In future the May Day celebration, which commemorates the struggle for labor rights, will likely perish. Or at least, the day will be observed differently.
The day will be abandoned, not only because many of those rights have been fulfilled, but given the fact that at the end of the day the amount of blue-collar workers will sharply reduce. The sunset of the industrial economy and the dawn of the knowledge-based economy (KBE) has radically changed the way of production as well as the need for products. And in the process, the economy needs fewer workers and spells doom for lower-skilled workers.
The industrial economy emphasized mass production, where humans served as living machines. Power and wealth flowed to those who owned the land, factory, machines or other physical properties.
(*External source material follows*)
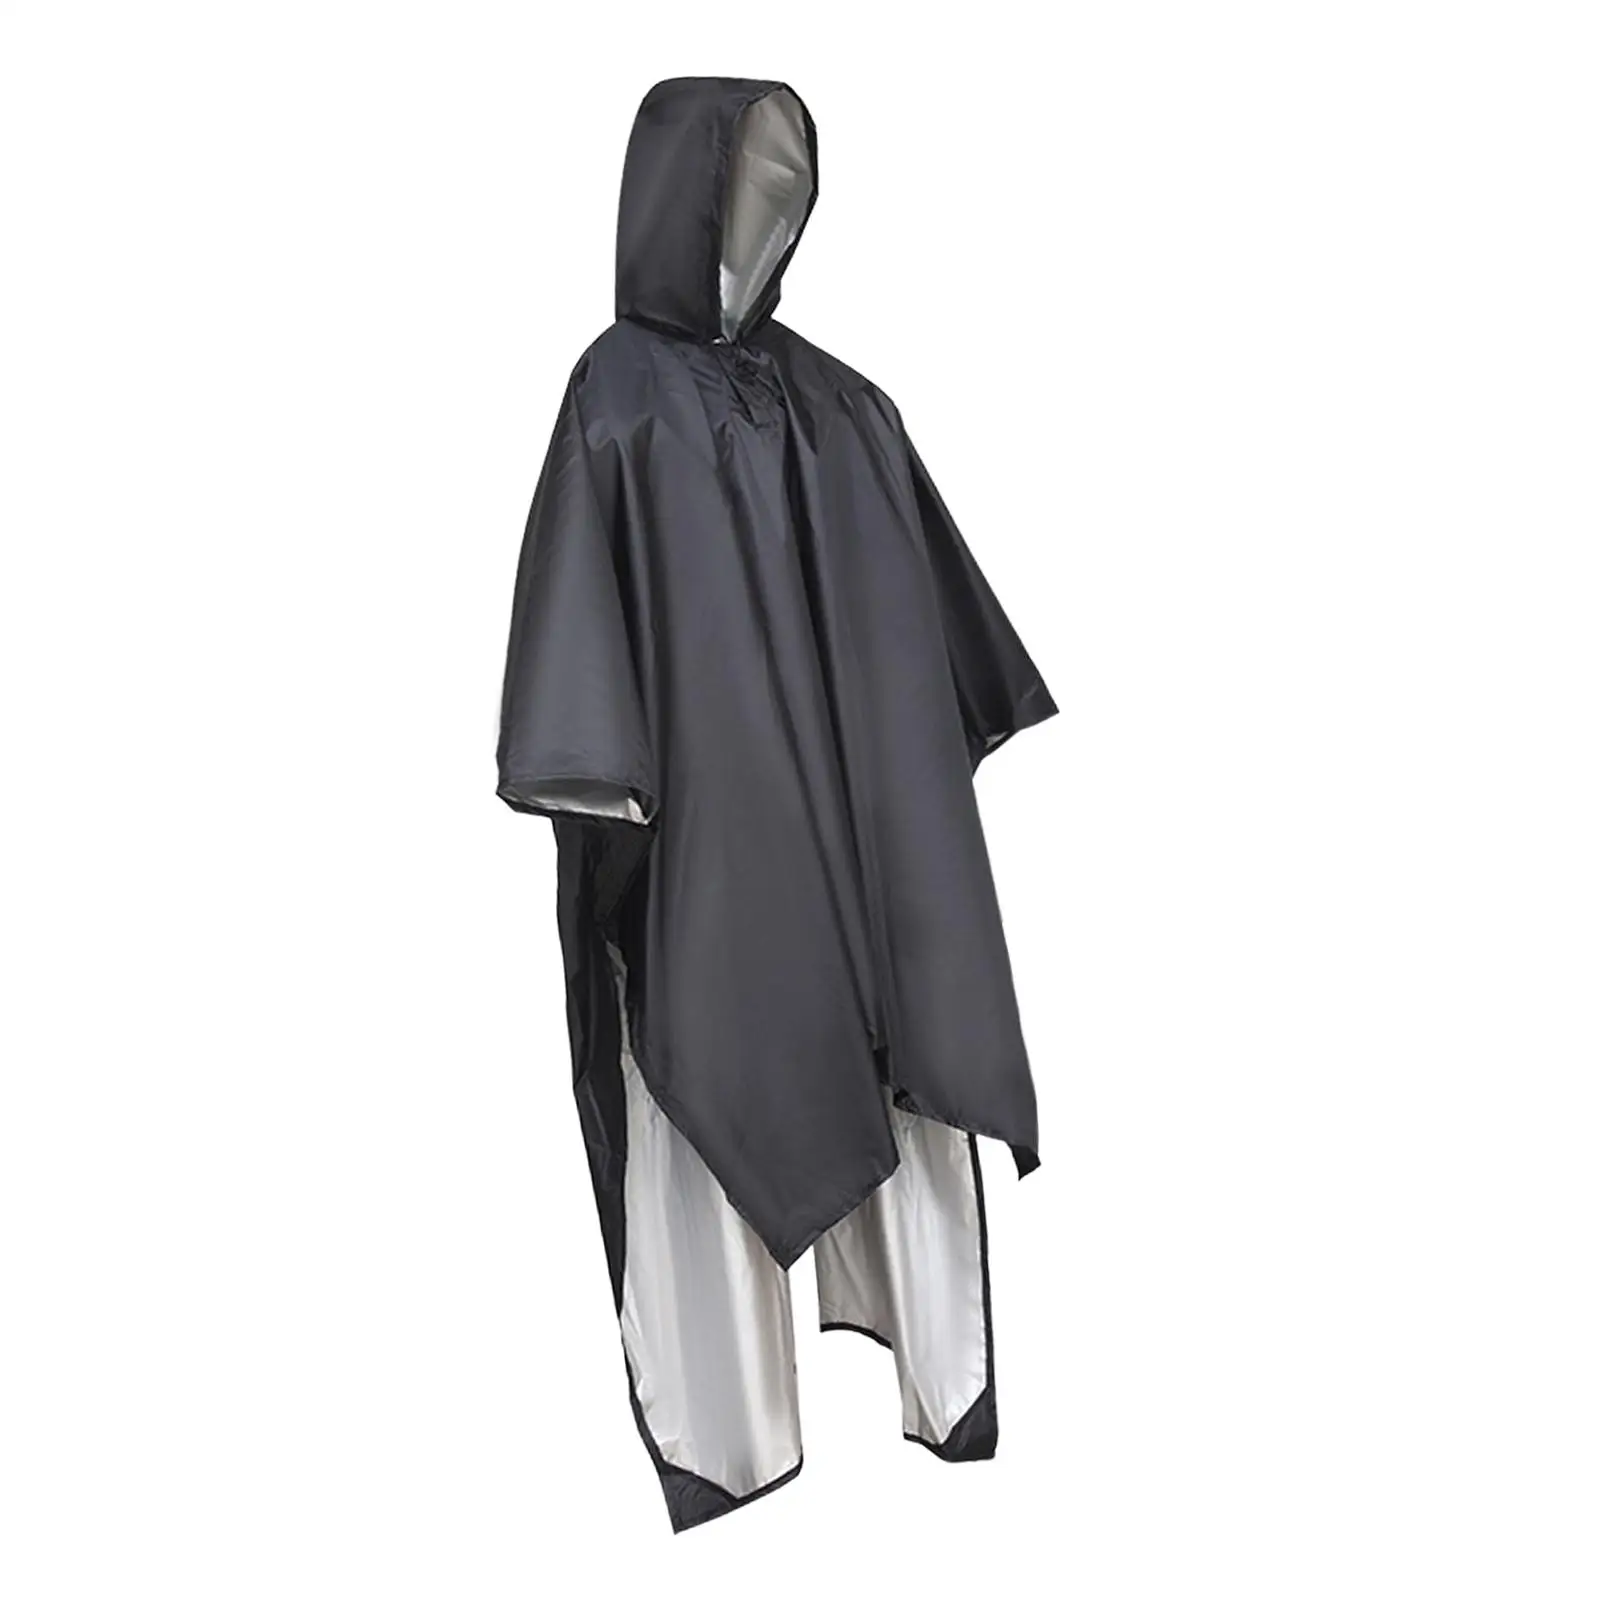 Rain Poncho Tarp Reusable Jacket Raincoat Lightweight Shelter for Adult Unisex Outdoor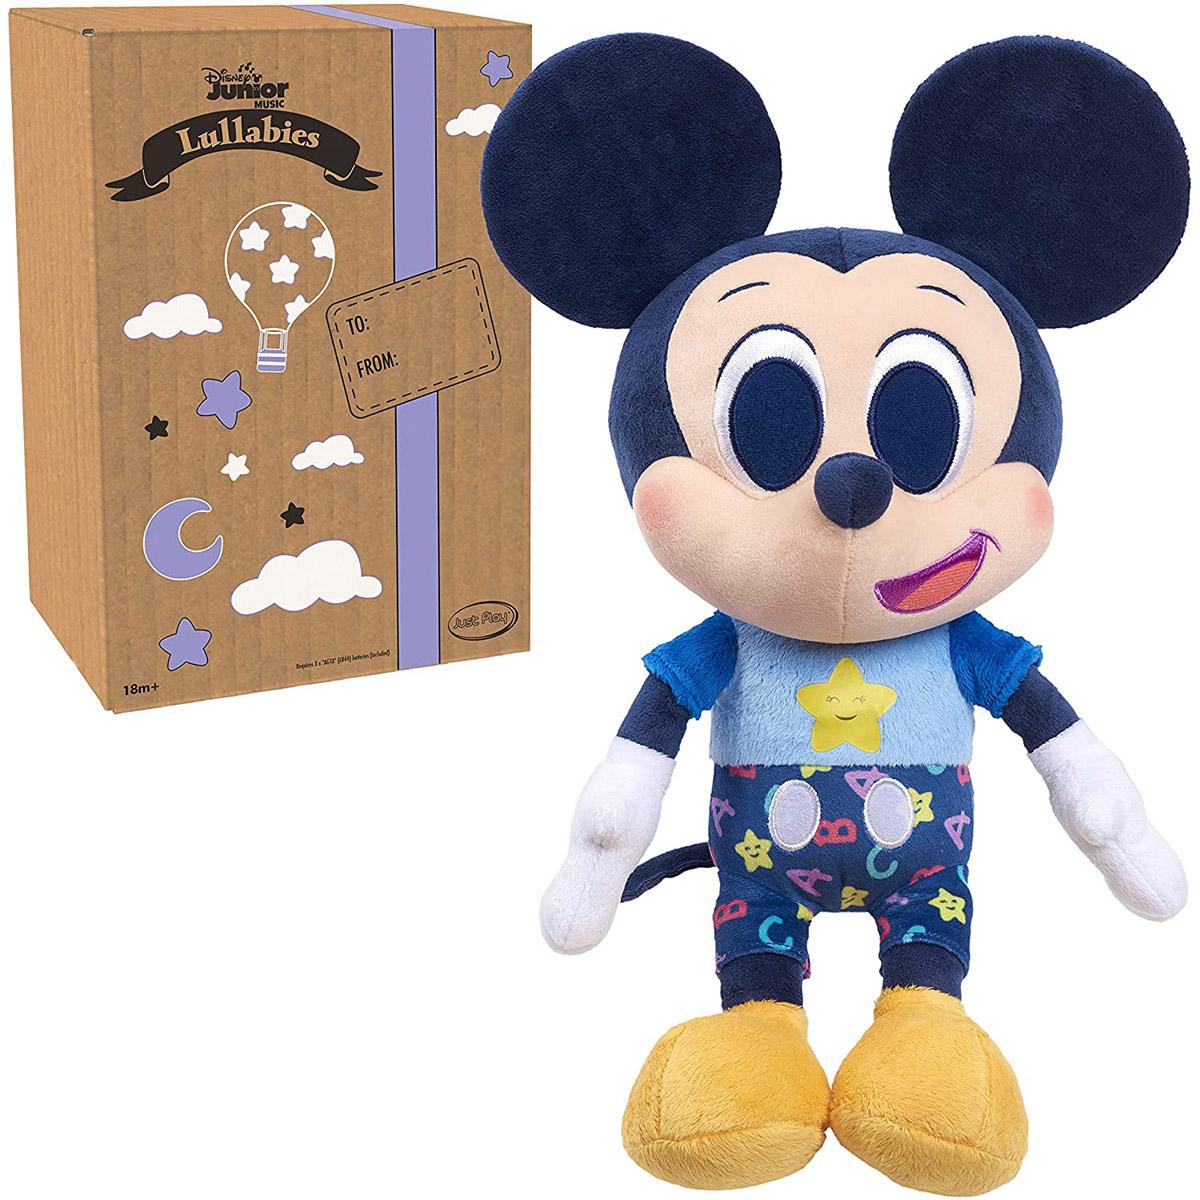 Disney Junior Music Lullabies Bedtime Mickey Mouse Plush for $10

At that time, the task of many occupations was well defined, routine and boring. Powerless workers just followed a set of instructions from superiors. There wasn’t much latitude for worker improvisation.
Besides heart-rending stories in the early days of the industrial revolution, a hundred years later people’s welfare rose significantly. The industrial economy had created more value-added jobs. More people enjoyed better education and more access to information. As a result, science and technology thrived enormously.
Then a new trend brought another huge impact. Robots replaced humans in many jobs, especially physically demanding ones. Software decimated many administrative jobs. Many lower skilled jobs came to an end and mass layoffs became inevitable. For some time, developing countries still hosted these lower-skilled jobs. But eventually the robots and software overwhelmed those countries as well.
The new economy commands creativity, out-of-the-box thinking and networking. The structure of hierarchy in companies is dismissive. The layer of management has become thinner, workers have become powerful and have more freedom, but they are forced to cast around continuously for new ideas to survive cut-throat competition. Start-ups with new products have mushroomed in the global market.
Thanks to the high value-added and globalization, those people with creative skills prevail. In January 1992, for the first time in history, the market value of Microsoft, representing a knowledge-based company, tellingly surpassed General Motors, the long-standing automotive company. Microsoft has neither as many factories nor workers as General Motors. The only significant asset of Microsoft is its employees’ brain power. This event marked the beginning of the domination of the knowledge-based economy.
Yet this phenomenon has a twist. During his life, Karl Marx struggled to improve the prosperity of workers by demanding ownership of the means of production. He wanted communism to triumph over capitalism, because in communism the workers — not the capital owner — collectively controlled the means of production.
If Marx was still alive today, he would have been nonplussed by what the knowledge-based economy offered to workers. Marx’s struggle has paid off, but in the different way he conceived the future. At present, workers own the prevailing means of production, which are no longer land, factories, or machines. The best means of production now lie in the cranium of the employee.